The Fed and ECB aren’t the only central banks boosting stimulus as global growth slows. The Bank of Japan increased its asset-purchase fund last month to 55 trillion yen ($702 billion) to counter deflation. The Bank of England plans to buy 375 billion pounds ($602 billion) of government bonds to boost growth after the U.K. economy contracted for three quarters.
“We do not believe that QE3 will have anywhere near the potency of QE1 and QE2,” Mitul Kotecha, Hong Kong-based head of foreign-exchange strategy at Credit Agricole, the eighth-most accurate overall and the top euro-dollar forecaster, said in an e-mailed response to questions on Oct 3. That will allow the dollar to appreciate amid “relatively stronger growth.”

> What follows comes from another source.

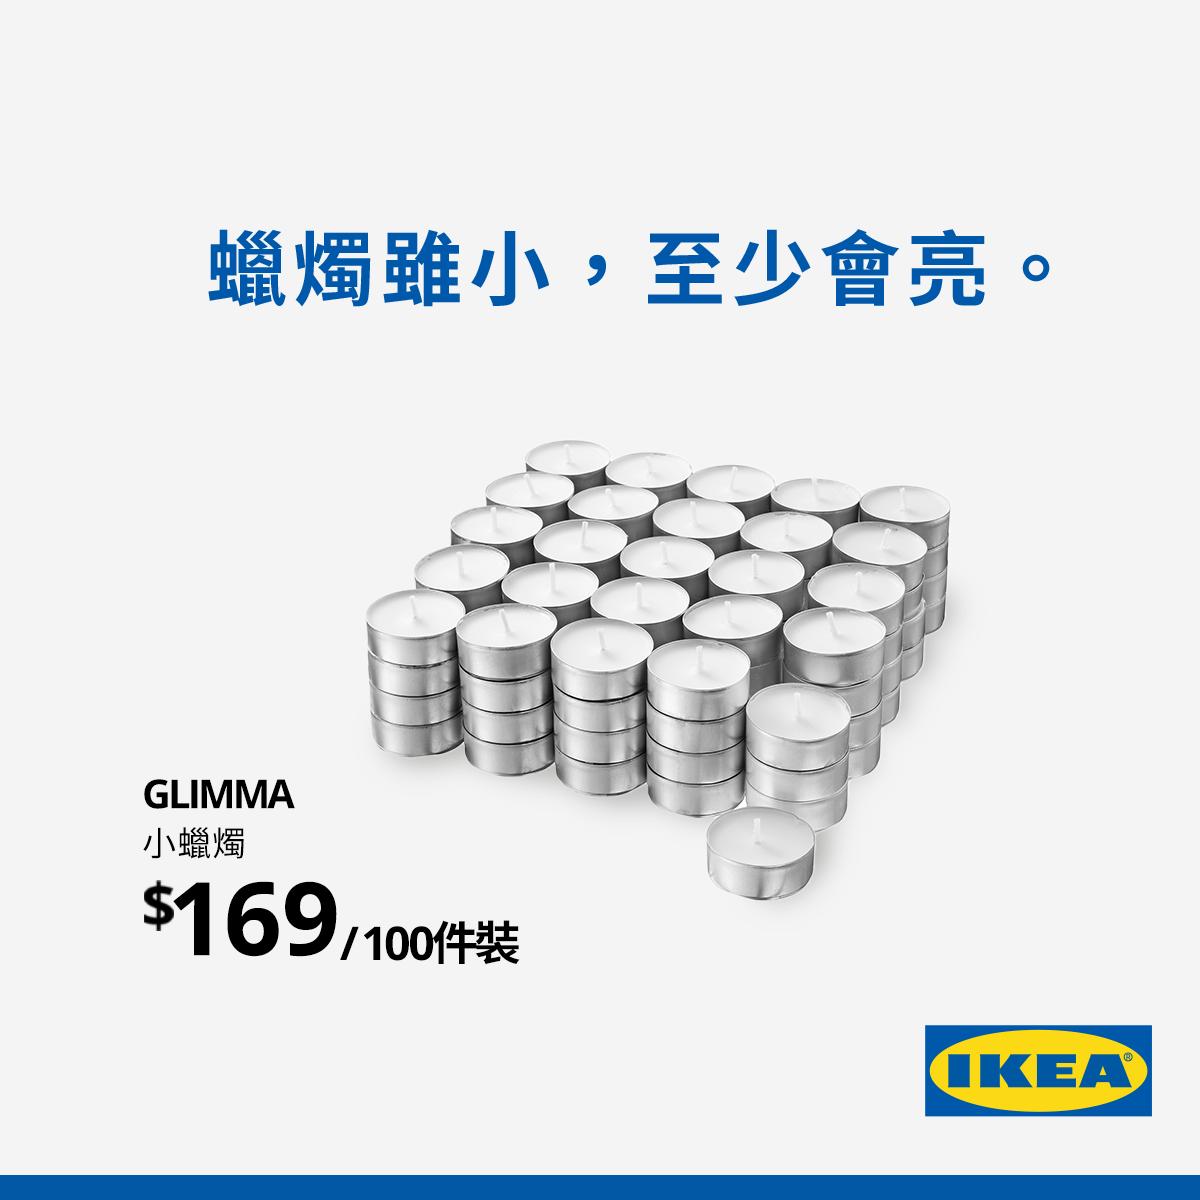 IKEA在昨日停電後,於臉書貼出創意宣傳文案:「蠟燭雖小,至少會亮。」(翻攝自IKEA臉書)

Strategists were ranked according to the accuracy of their forecasts for 13 currency pairs in each of six quarters through September. To test long-term accuracy, Bloomberg Rankings added one annual estimate, which was made at the end of September 2011 for the end of September 2012.
Companies with at least eight forecasts for a particular currency pair were ranked, and only those that qualified in at least eight of 13 pairs were included in the ranking of best overall forecaster. Thirty-two qualified.